Maybe I’m wrong. Maybe Californians’ hatred of Republicans — and Donald Trump in particular — really is so complete that they are willing to sacrifice democracy itself in order to attempt to thwart him in the sunset of his second term. Then again, how have those previous efforts worked out in our “state of resistance?” A marginal court victory here, an impotent day of protest there. Bang up job, California Democrats.
An idle, idea-less party
Aside from the quarter of a billion dollars the state spent on the special election, out of a budget that’s already teetering on the brink, yesterday’s vote is infuriating because for the umpteenth time, rather than put forward positive, forward-looking, even visionary alternatives to the MAGA agenda, California Democrats went full reactionary. And for what? Texas’s redistricting scheme — which I also vehemently oppose — likely will net five new Republican seats in Congress. As noted, Prop. 50 likely will net five new Democrats.

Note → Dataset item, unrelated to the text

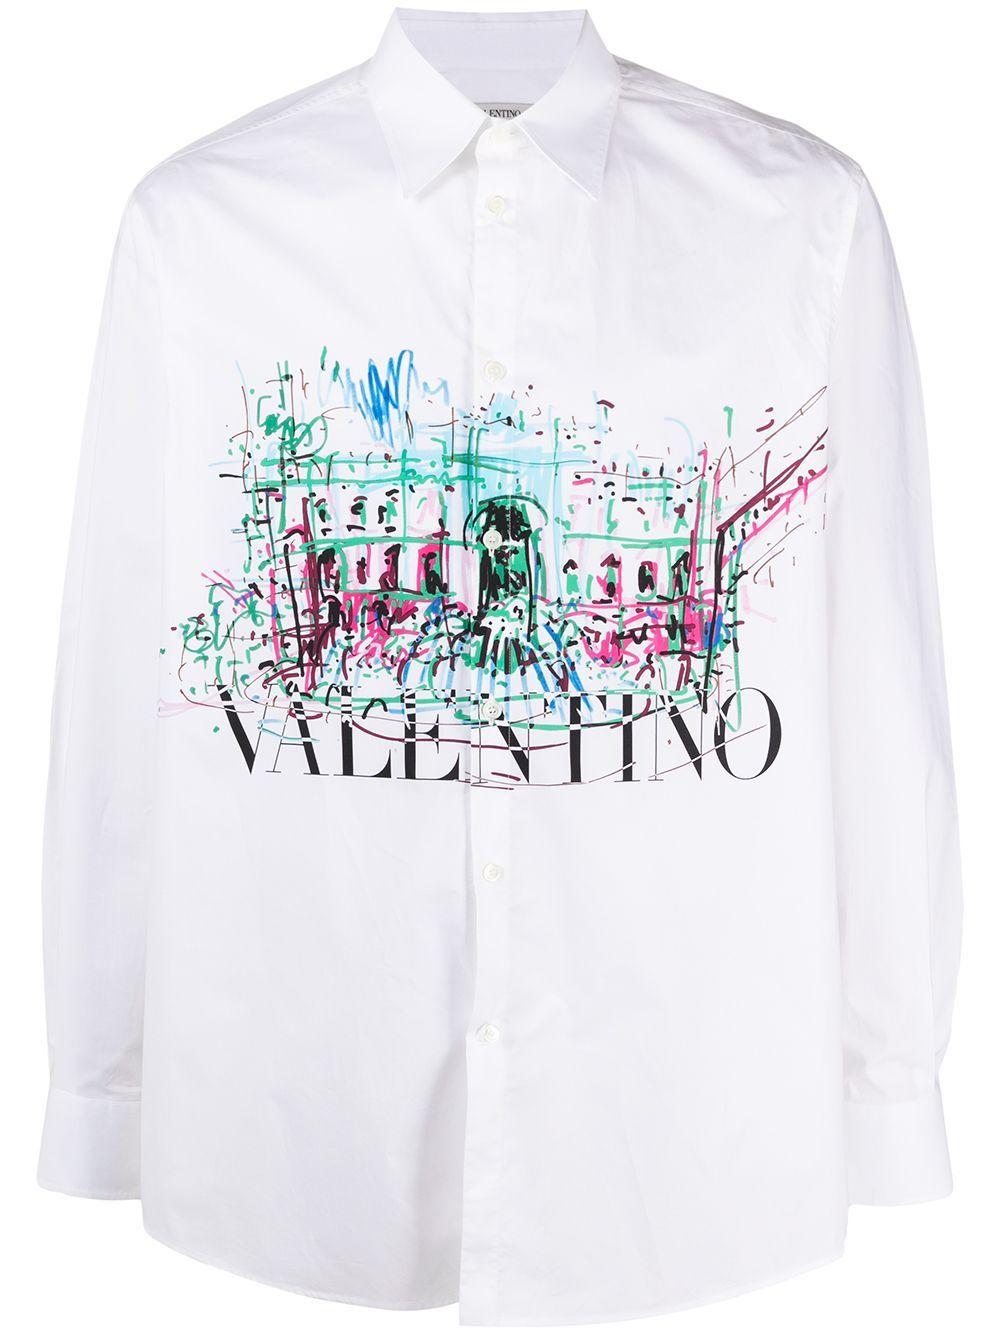 Valentino VALENTINO MEN'S WHITE COTTON SHIRT
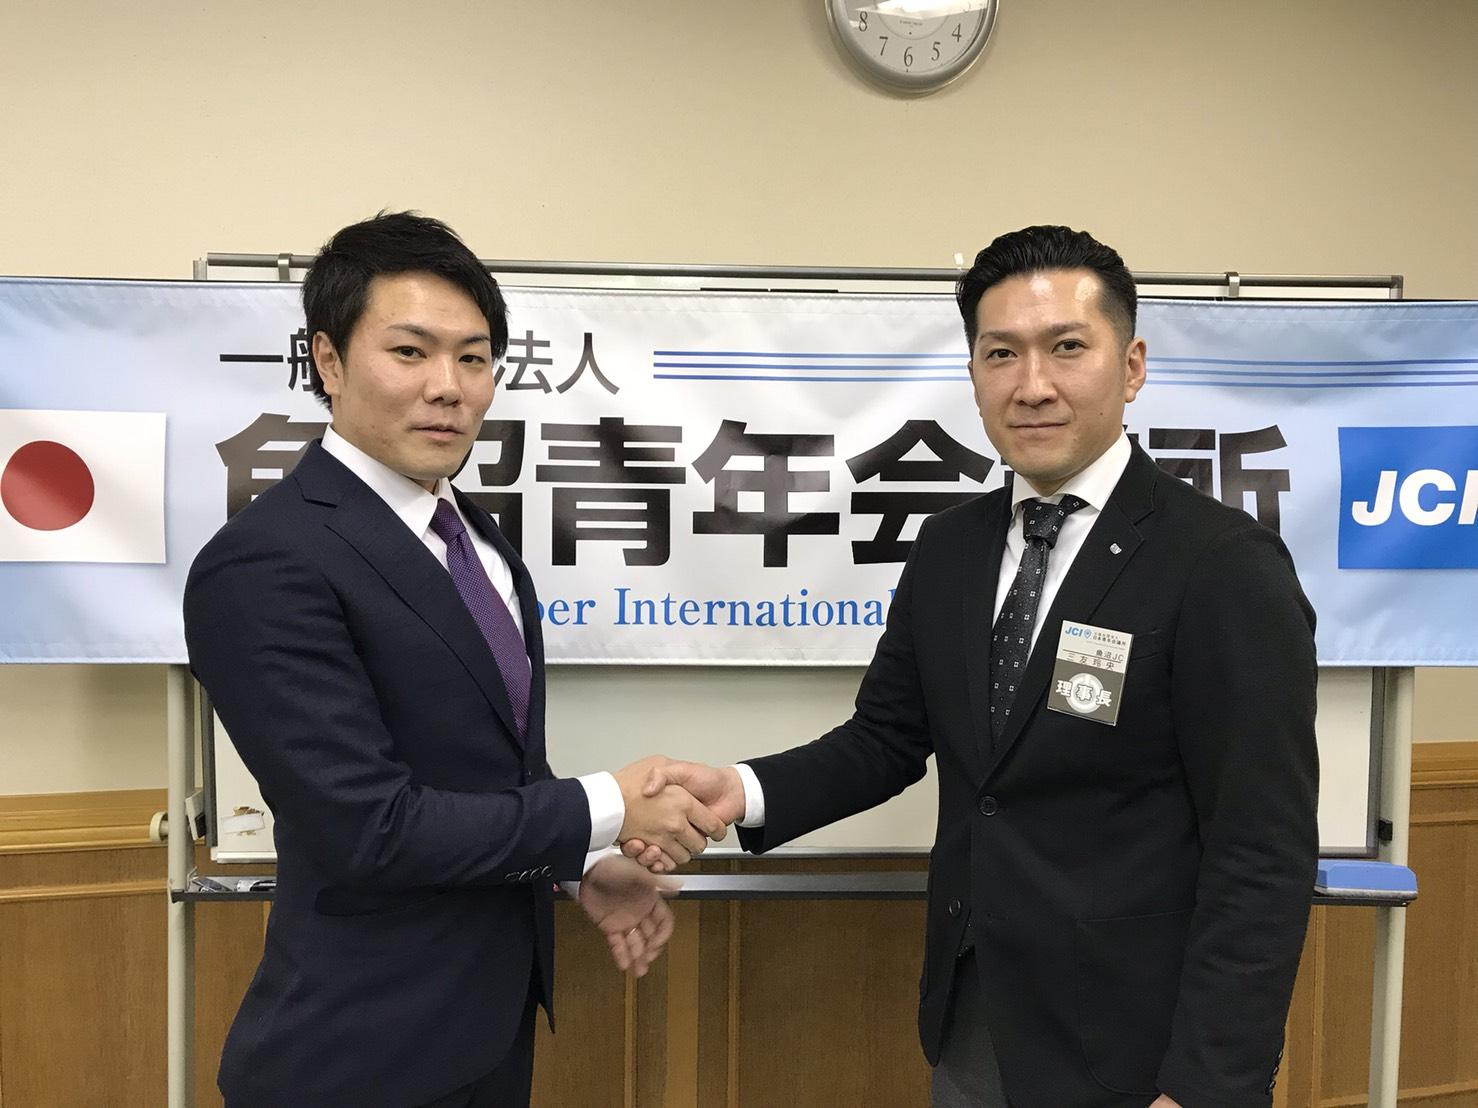 新入会員のご紹介!小幡電気工業の小幡くんが新しく魚沼JCメンバーになりました!

Again, congratulations, Dems, you’ve managed to play your adversaries to a draw, at the price of democracy, after years of getting your butts handed to you. You’ve also revealed not only that you don’t have any original ideas left, but that you’re willing to play the exact same games you’ve screeched for nearly a decade amounted to “fascism.” The only thing more pathetic is Gavin Newsom’s social media.
It’s too bad voters forgot that in 2000 state Democrat leaders conjured up the “Incumbent Protection Plan,” designed specifically to thwart those who would challenge the establishment. These days term limits would offset any such plan (though term limits have their own anti-democratic consequences). The next plan will probably be called something like the “Machine Vetted Candidate Protection Plan.”
So many California Democrats are so blinded by rage at MAGA that they don’t see the hideous corruption that is slowly turning the state into a serfdom comprised of a few ultra wealthy and masses of impoverished dependents, with an ever-shrinking middle class clinging to whatever’s left. With apologies to H. Ross Perot they’re deaf to the giant sucking sound of wealth, primarily in the form of real estate, being transferred from individuals and families to institutional investors, bulge bracket banks and international finance, billions at a time. They turn a blind eye to the Homeless Industrial Complex that has spent tens of billions to kill tens of thousands.
If you’re not disgusted, you’re not paying attention.